I can add new elements to the dictionary by key:

In [21]:
student_dict['Emma'] = 79
student_dict

{'Alice': 92, 'Ben': 74, 'Carlos': 83, 'Emma': 79}

Be careful when using this, however. Duplicate keys aren't allowed in a `dict`; using the code above for an existing key will replace its value:

In [22]:
student_dict['Alice'] = 72
student_dict

{'Alice': 72, 'Ben': 74, 'Carlos': 83, 'Emma': 79}

There are a couple of techniques I can use to list the keys in a `dict`. Mapping a dictionary to a list will return a list of the keys:

In [23]:
dict_list = list(student_dict)
dict_list

['Alice', 'Ben', 'Carlos', 'Emma']

There's also a method `items()` that will return the `key: value` pairs as an iterable of tuples:

In [24]:
student_dict.items()

dict_items([('Alice', 72), ('Ben', 74), ('Carlos', 83), ('Emma', 79)])

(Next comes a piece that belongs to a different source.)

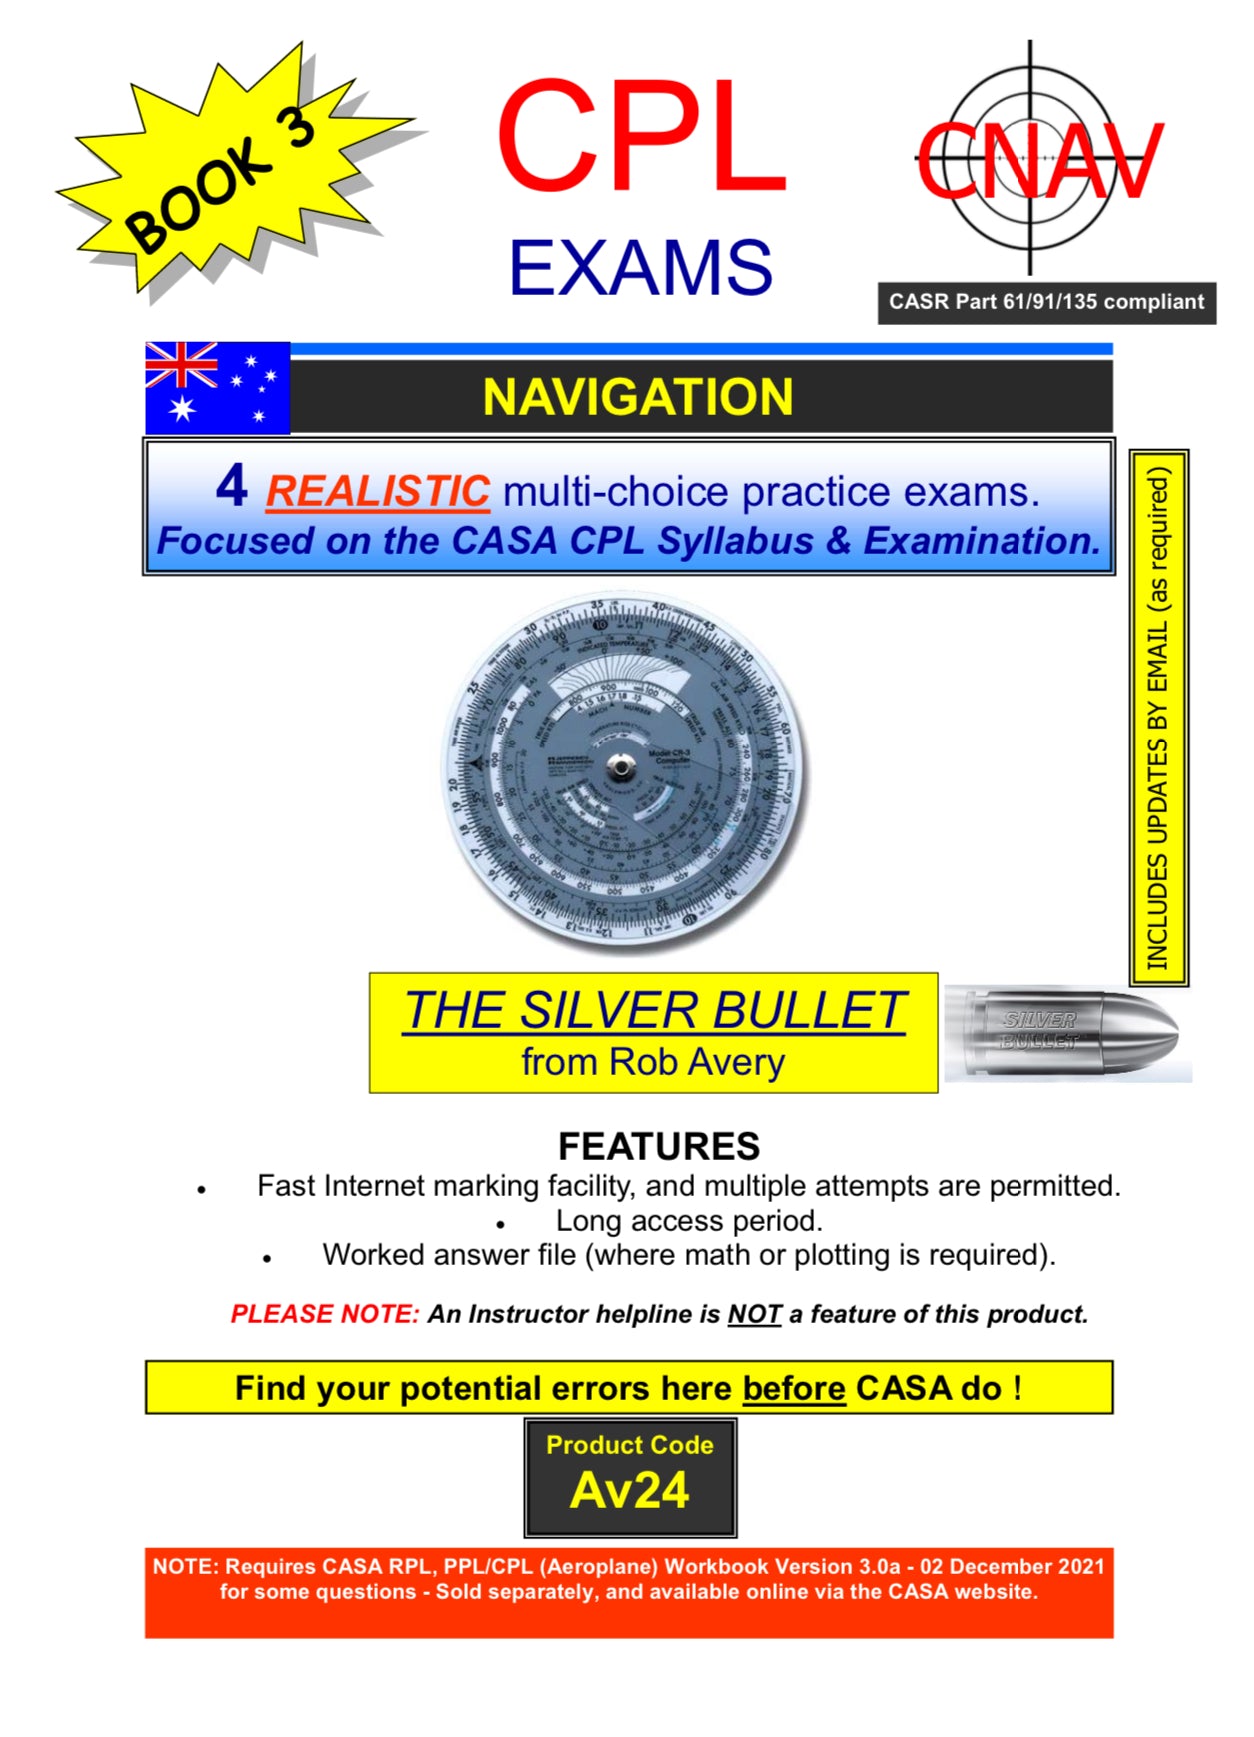 Avfacts by Rob Avery CPL Navigation Practice Exams - AV24

We can use this to print out the `key: value` pairs in a loop:

In [27]:
for name, grade in student_dict.items():
    print('{0} got a {1} on the last assignment'.format(name, grade))

Alice got a 72 on the last assignment
Ben got a 74 on the last assignment
Carlos got a 83 on the last assignment
Emma got a 79 on the last assignment


If we want to delete an existing `key: value` pair from a dictionary, we can use the `del` keyword:

In [29]:
del student_dict['Emma']
student_dict

{'Alice': 72, 'Ben': 74, 'Carlos': 83}

When generating `student_dict`, I wrote exactly what gets printed to screen. However, there are some other ways to generate dictionaries that will produce the same result. I can use the `dict()` function and input a list of tuples representing the `key: value` pairs:

In [30]:
student_dict2 = dict([('Alice', 92), ('Ben', 74), ('Carlos', 83)])
student_dict2

{'Alice': 92, 'Ben': 74, 'Carlos': 83}

We can also use `dict()` by inputting a comma-separated list of variable definitions. The variables will then be interpreted as string keys when the dictionary is created:

In [31]:
student_dict3 = dict(Alice=92, Ben=74, Carlos=83)
student_dict3

{'Alice': 92, 'Ben': 74, 'Carlos': 83}

We can even use a method similar to list comprehension to automatically generate dictionaries. For example, let's say I wanted to create a dictionary where the square roots of integers are keyed by the integers themselves. I can write:

In [28]:
from math import sqrt

sqrt_dict = {x: sqrt(x) for x in range(11)}
sqrt_dict

{0: 0.0,
 1: 1.0,
 2: 1.4142135623730951,
 3: 1.7320508075688772,
 4: 2.0,
 5: 2.23606797749979,
 6: 2.449489742783178,
 7: 2.6457513110645907,
 8: 2.8284271247461903,
 9: 3.0,
 10: 3.1622776601683795}

Using dictionaries is invaluable in scientific programming, such as when you need to keep track of multiple parameter values during a simulation. Deciding between using tuples, lists, and dictionaries is another of many skill you'll develop as you become more familiar with Python.

## The `numpy` Library

There are even more types for storing multiple data elements that we can retrieve from libraries. One of these libraries is `numpy`, used throughout scientific programming for doing numerical linear algebra and advanced mathematics.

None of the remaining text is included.